Data shown:
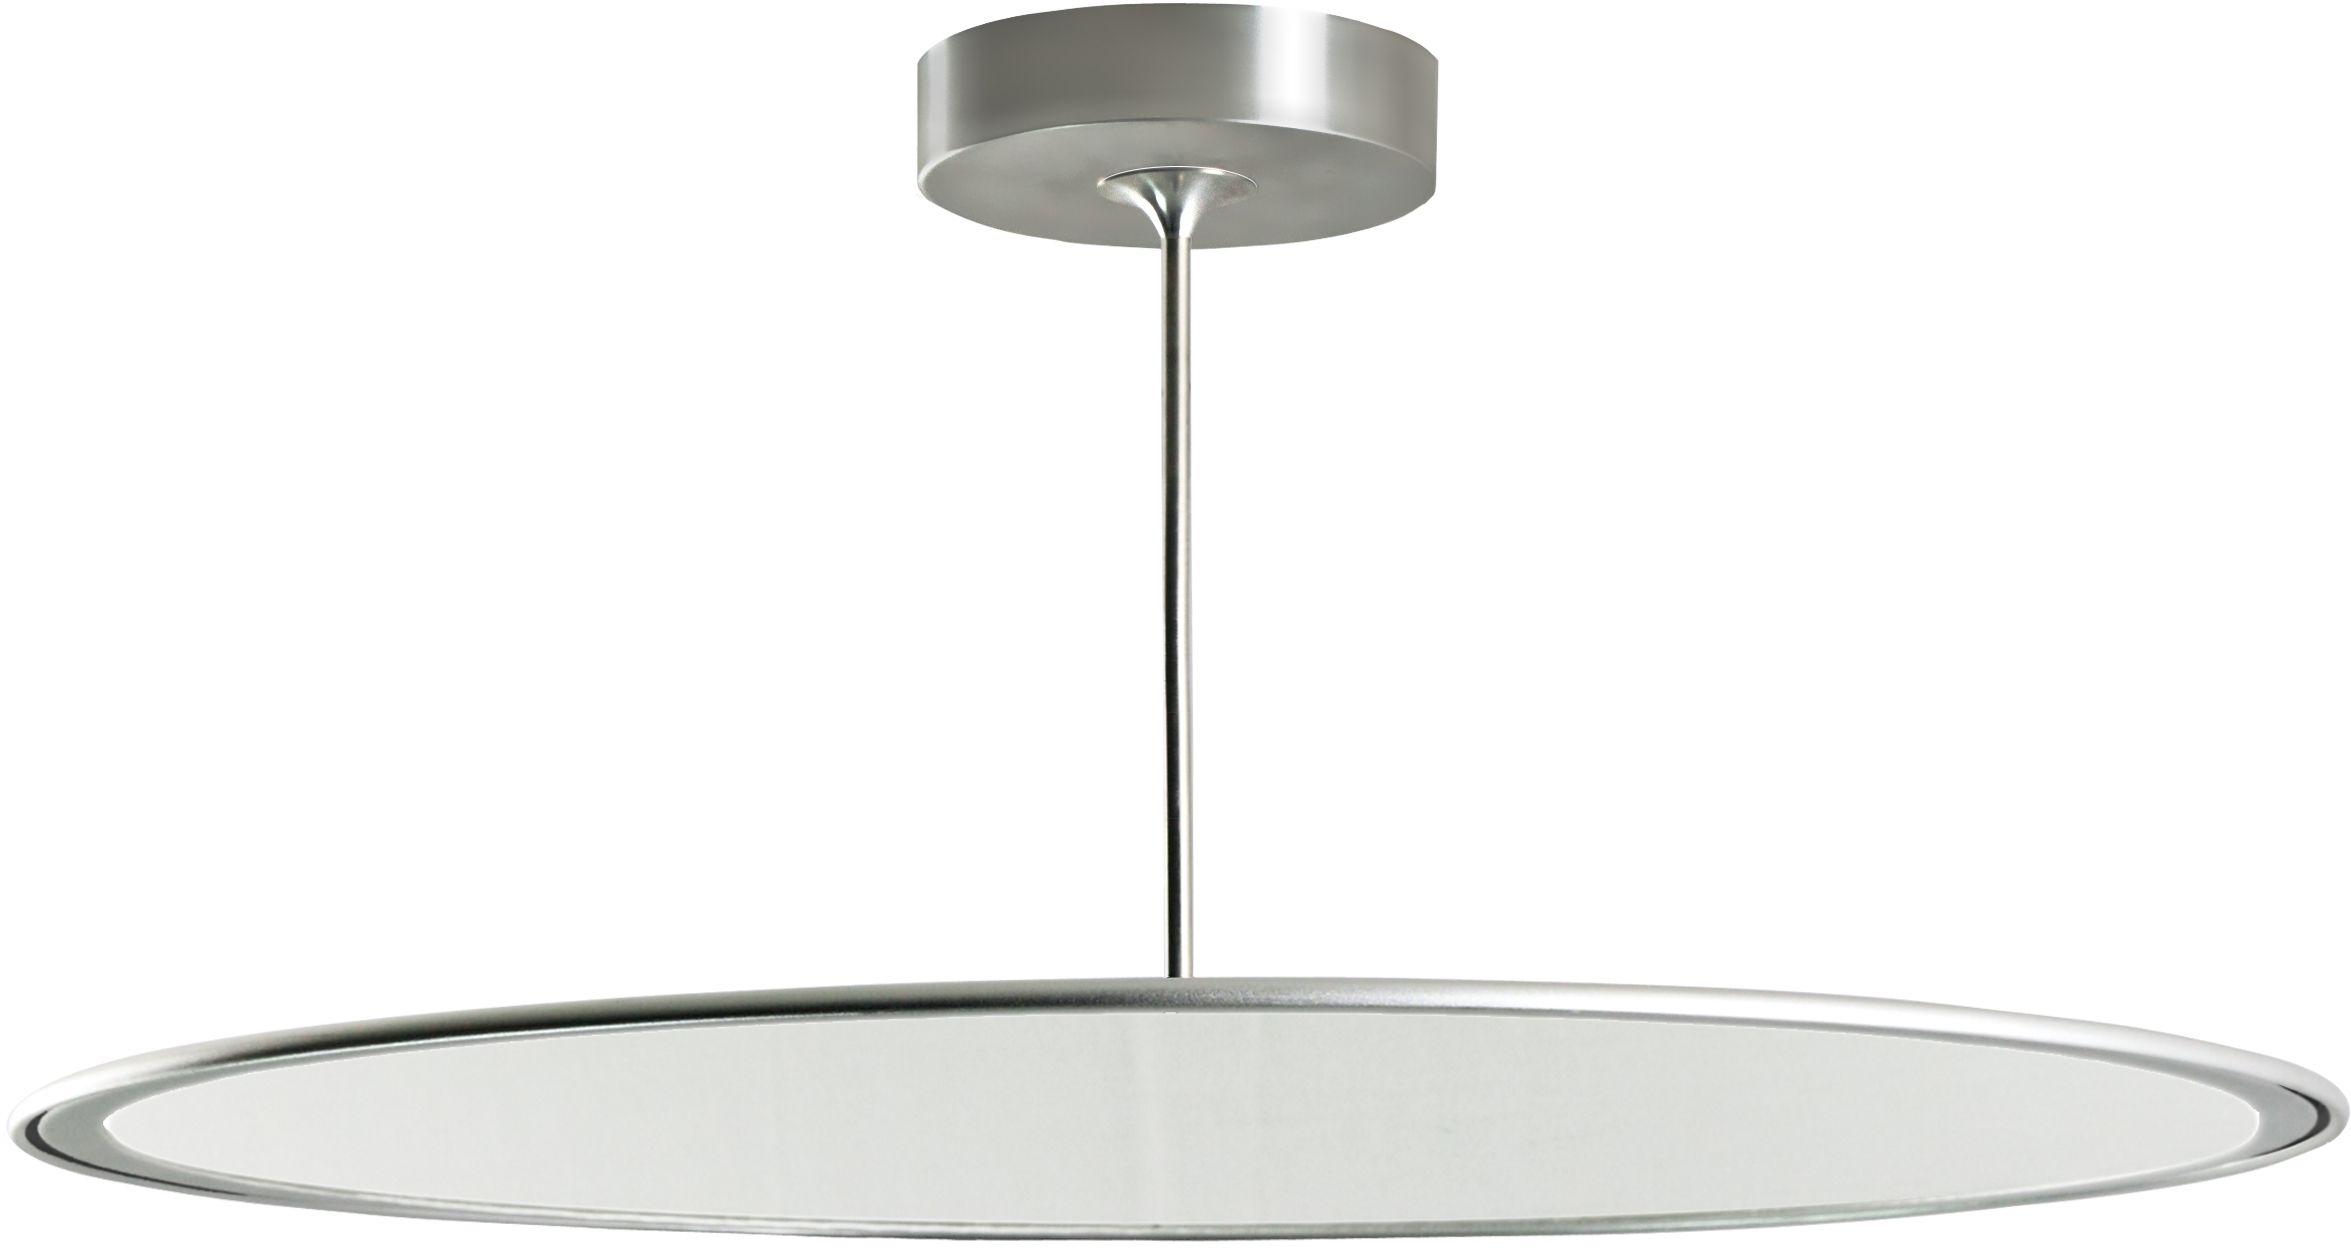 Similed Luxuni Lighting Dsgn Lamp Light
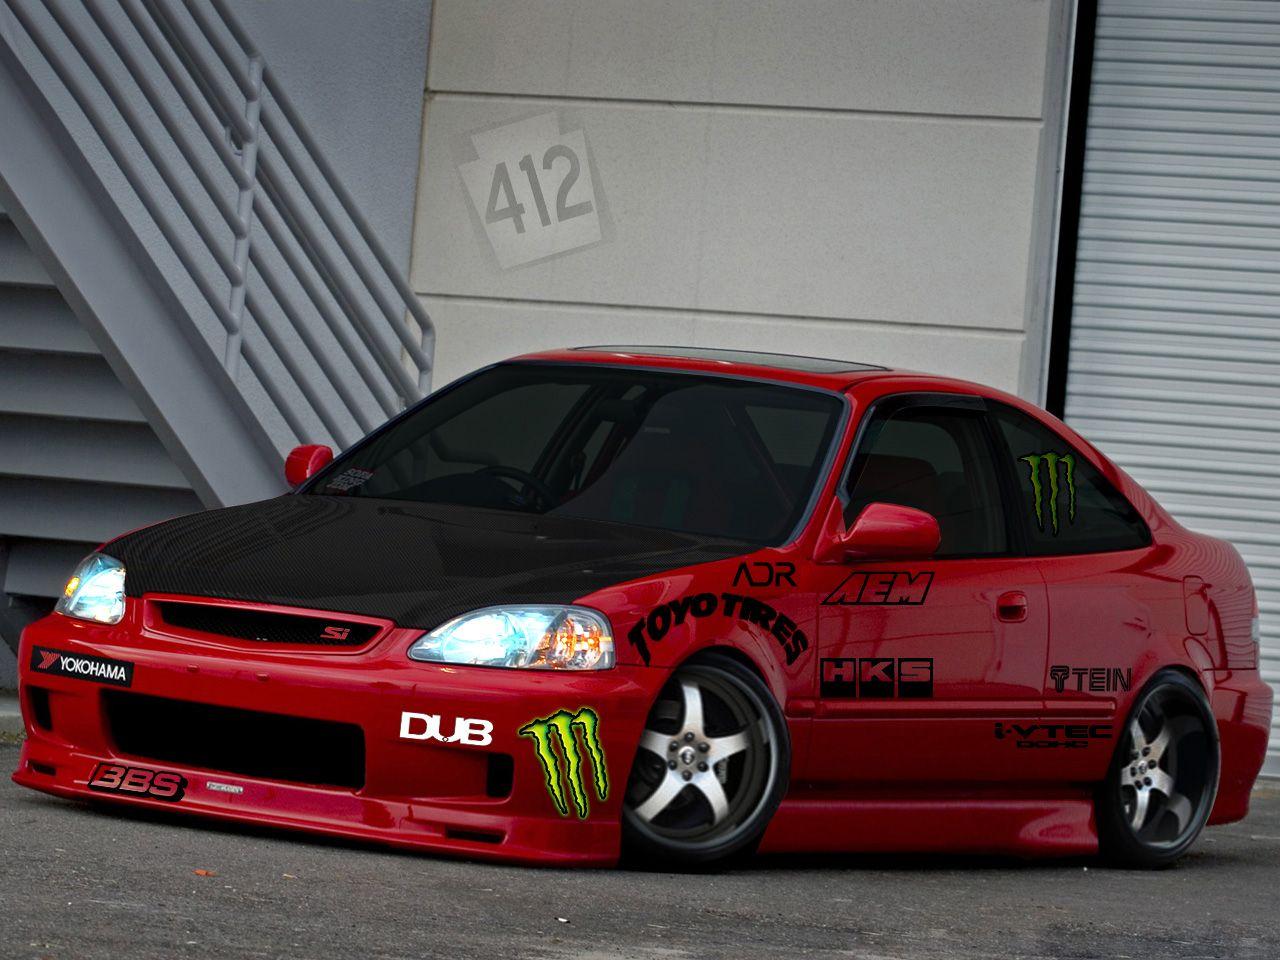 Honda Civic 2000 Modified HD Wallpaper http//wallucky
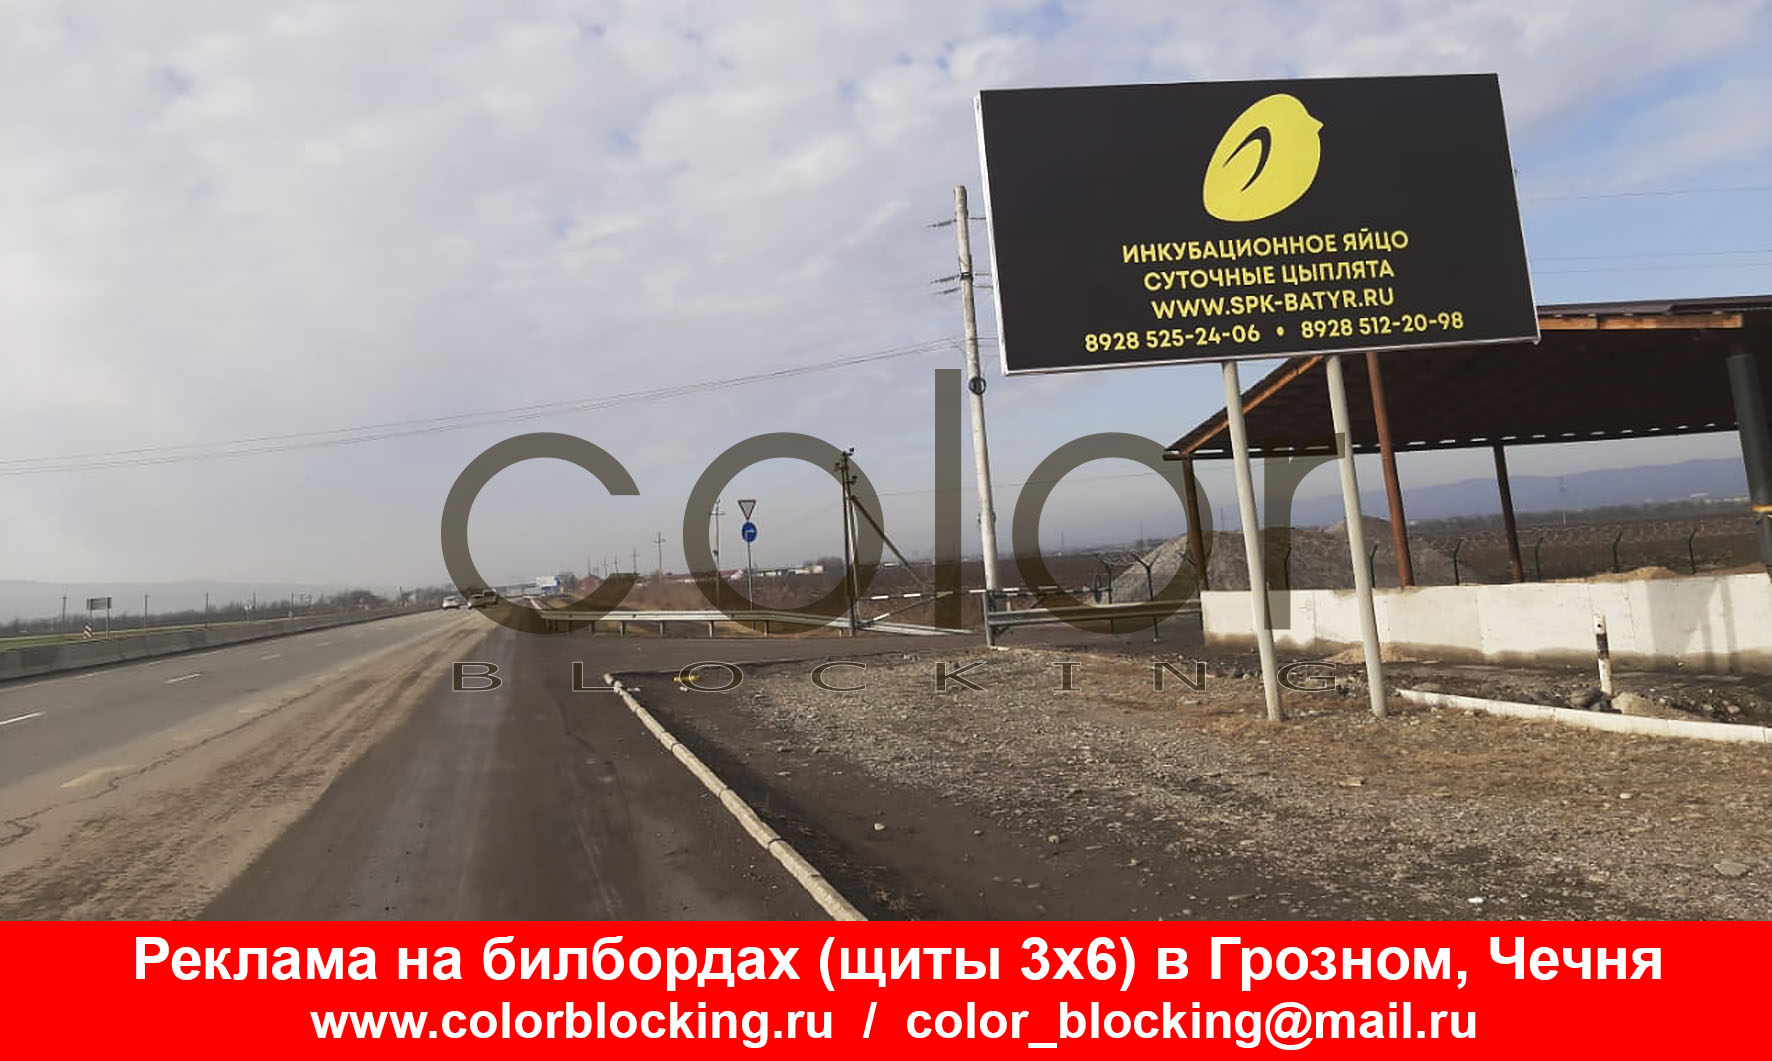 Реклама на билбордах трасса М29 Ингушетия

The problem:
Reproduce the listing word for word. Do not carry over the pictures.

Written answer:
 Similed Luxuni Lighting Dsgn Lamp Light
 Honda Civic 2000 Modified HD Wallpaper http//wallucky
 Реклама на билбордах трасса М29 Ингушетия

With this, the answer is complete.